Elsa se dio cuenta enseguida de que estaba comportándose como una tonta.
Tomó aire y terminó de deshacer la maleta. A pesar de todo, no se sentía preparada para meterse en esa cama.
Jack respiraba de forma profunda y acompasada cuando ella decidió ponerse el pijama ancho y cómodo que había llevado de casa. Se acercó a la cama con cuidado y levantó la sábana. Vio el estómago de Jack un momento, una línea de vello se perdía bajo la cinturilla de los calzoncillos. Apartó la vista.

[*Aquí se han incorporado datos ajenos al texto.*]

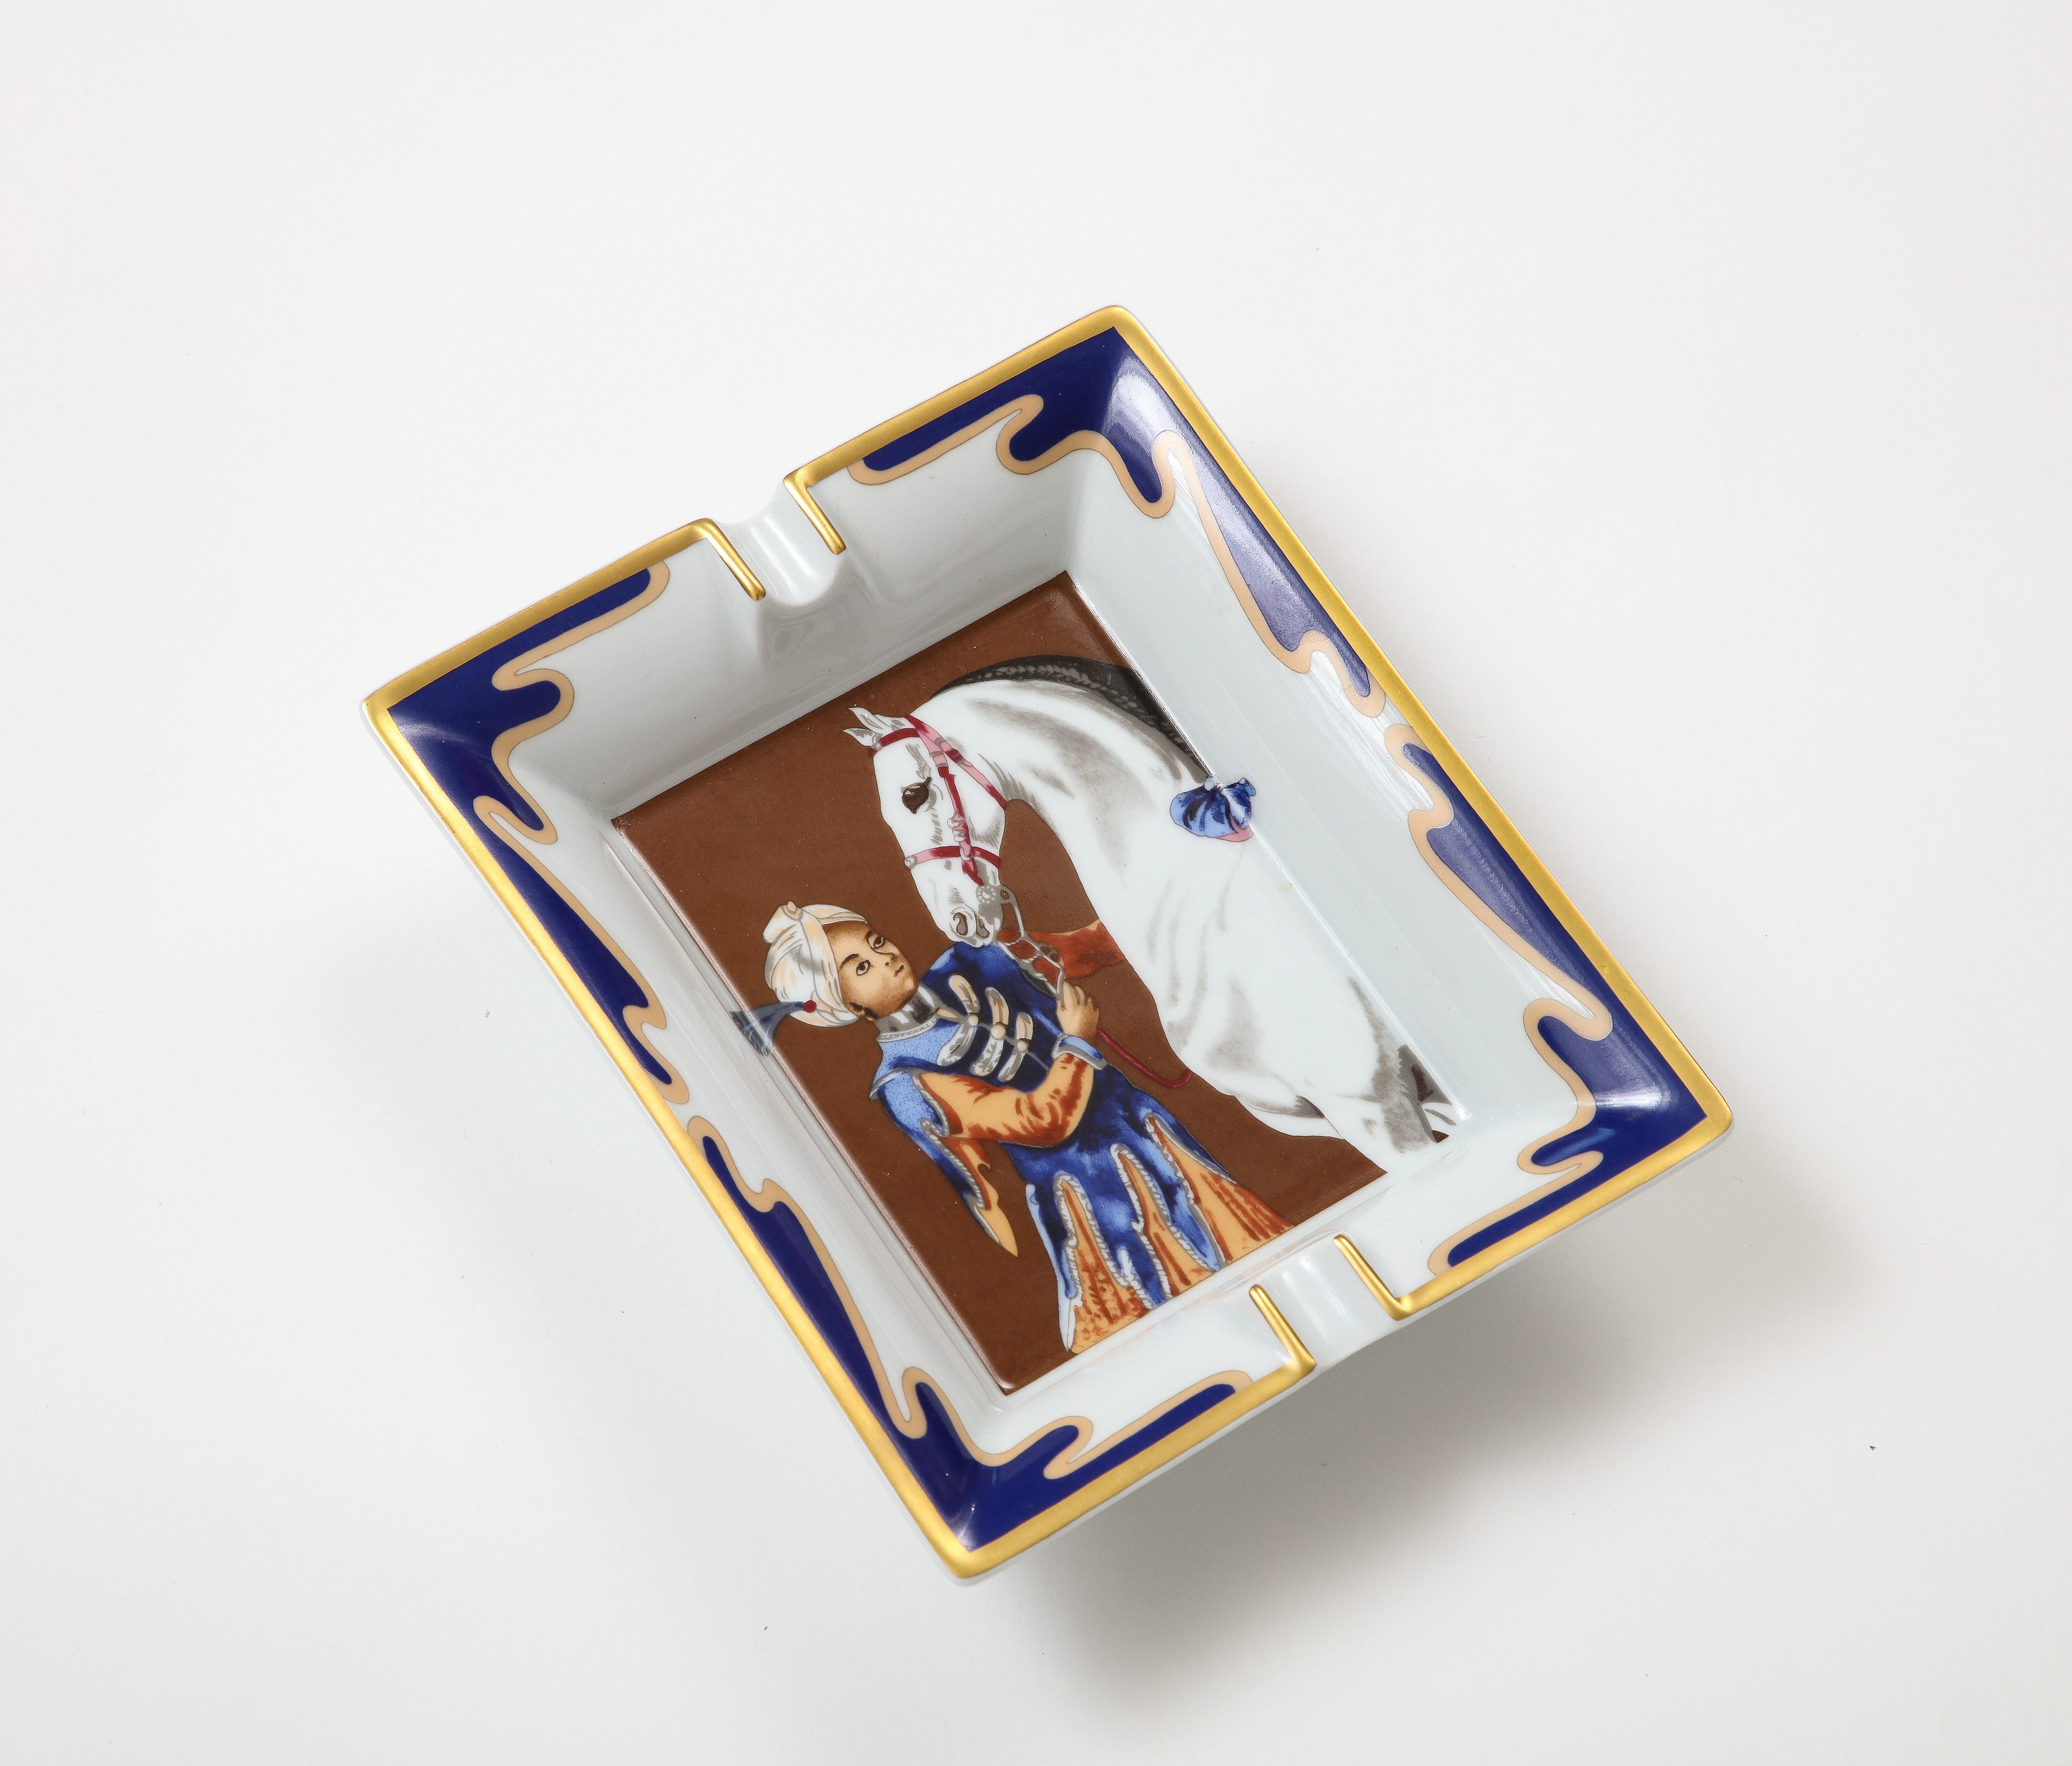 Vintage porcelain ashtray or catchall by Hermes, made in France. The porcelain tray features a man with a horse in the vertical orientation, framed with a lovely blue border with gold trim.

Las sábanas estaban frías y suaves, pero a Elsa le dio la sensación de que ardían. Se quedó allí, inmóvil, consciente de que el cuerpo de Jack yacía relajado a su lado.
Se puso de lado, dándole la espalda, hecha un ovillo.
Entonces lo oyó moverse, sintió su aliento contra la piel.
—Me gusta tu pijama —le susurró—, pero te preferiría desnuda. Que descanses, Swon.